*Requirement:*
Within the records below, reproduce without change the lines from the line that has "Pearson & LSD Teitelbaum (Square)" through the line that has "Romee Strijd Romee-strijd-out-at-paris-fashion-week-09-29-2017-1", and only those.

*Data records:*

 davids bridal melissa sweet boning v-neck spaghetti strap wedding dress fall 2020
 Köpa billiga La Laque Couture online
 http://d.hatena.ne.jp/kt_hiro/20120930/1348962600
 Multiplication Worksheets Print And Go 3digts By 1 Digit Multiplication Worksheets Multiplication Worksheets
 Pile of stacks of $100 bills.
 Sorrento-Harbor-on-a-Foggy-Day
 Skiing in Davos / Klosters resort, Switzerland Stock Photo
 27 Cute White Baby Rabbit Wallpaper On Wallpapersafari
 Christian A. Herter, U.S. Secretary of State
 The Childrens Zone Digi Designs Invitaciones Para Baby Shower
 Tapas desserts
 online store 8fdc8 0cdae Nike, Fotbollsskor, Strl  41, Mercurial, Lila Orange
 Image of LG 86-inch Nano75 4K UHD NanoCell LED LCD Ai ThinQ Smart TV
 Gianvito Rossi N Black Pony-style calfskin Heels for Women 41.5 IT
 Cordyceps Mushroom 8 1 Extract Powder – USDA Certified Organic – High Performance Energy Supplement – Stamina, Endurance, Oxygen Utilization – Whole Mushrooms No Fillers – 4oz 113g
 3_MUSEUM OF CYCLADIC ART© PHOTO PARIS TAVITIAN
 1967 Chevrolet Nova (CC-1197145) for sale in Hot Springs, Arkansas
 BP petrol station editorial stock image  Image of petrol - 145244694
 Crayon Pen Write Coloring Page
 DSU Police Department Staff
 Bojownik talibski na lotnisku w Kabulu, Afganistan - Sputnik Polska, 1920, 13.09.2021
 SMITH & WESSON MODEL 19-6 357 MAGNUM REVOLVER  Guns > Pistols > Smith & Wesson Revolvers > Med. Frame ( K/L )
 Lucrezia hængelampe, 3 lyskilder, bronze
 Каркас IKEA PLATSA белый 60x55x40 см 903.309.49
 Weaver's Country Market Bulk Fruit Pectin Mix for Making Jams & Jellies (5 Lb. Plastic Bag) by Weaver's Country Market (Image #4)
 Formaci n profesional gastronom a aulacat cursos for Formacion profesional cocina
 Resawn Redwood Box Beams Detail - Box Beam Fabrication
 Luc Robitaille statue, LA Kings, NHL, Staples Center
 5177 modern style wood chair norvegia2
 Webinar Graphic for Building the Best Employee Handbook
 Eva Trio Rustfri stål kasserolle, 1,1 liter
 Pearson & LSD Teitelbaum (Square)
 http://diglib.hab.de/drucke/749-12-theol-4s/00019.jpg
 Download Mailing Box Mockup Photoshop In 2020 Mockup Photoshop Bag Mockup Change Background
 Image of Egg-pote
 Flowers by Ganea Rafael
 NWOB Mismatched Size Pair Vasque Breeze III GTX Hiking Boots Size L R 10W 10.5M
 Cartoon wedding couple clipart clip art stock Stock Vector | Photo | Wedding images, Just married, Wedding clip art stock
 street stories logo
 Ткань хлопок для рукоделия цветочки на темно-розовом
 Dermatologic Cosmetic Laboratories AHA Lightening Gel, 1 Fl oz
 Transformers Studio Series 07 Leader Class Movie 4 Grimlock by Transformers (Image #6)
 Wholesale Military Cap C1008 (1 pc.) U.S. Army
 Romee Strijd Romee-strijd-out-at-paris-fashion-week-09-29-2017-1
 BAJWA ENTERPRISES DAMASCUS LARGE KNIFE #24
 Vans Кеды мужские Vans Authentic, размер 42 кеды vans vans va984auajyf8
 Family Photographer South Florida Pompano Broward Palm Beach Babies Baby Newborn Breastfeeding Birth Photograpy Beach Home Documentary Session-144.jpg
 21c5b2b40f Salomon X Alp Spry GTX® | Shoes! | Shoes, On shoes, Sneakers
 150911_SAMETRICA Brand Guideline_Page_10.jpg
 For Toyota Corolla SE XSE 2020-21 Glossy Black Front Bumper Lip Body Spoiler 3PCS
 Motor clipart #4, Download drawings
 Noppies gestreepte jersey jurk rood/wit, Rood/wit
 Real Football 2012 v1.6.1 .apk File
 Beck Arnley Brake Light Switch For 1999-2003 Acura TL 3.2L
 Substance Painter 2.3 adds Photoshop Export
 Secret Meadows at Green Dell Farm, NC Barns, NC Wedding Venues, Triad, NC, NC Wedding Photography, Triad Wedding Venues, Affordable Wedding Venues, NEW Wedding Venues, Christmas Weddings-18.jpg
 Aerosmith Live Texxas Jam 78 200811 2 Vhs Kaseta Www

*Your solution:*
 Pearson & LSD Teitelbaum (Square)
 http://diglib.hab.de/drucke/749-12-theol-4s/00019.jpg
 Download Mailing Box Mockup Photoshop In 2020 Mockup Photoshop Bag Mockup Change Background
 Image of Egg-pote
 Flowers by Ganea Rafael
 NWOB Mismatched Size Pair Vasque Breeze III GTX Hiking Boots Size L R 10W 10.5M
 Cartoon wedding couple clipart clip art stock Stock Vector | Photo | Wedding images, Just married, Wedding clip art stock
 street stories logo
 Ткань хлопок для рукоделия цветочки на темно-розовом
 Dermatologic Cosmetic Laboratories AHA Lightening Gel, 1 Fl oz
 Transformers Studio Series 07 Leader Class Movie 4 Grimlock by Transformers (Image #6)
 Wholesale Military Cap C1008 (1 pc.) U.S. Army
 Romee Strijd Romee-strijd-out-at-paris-fashion-week-09-29-2017-1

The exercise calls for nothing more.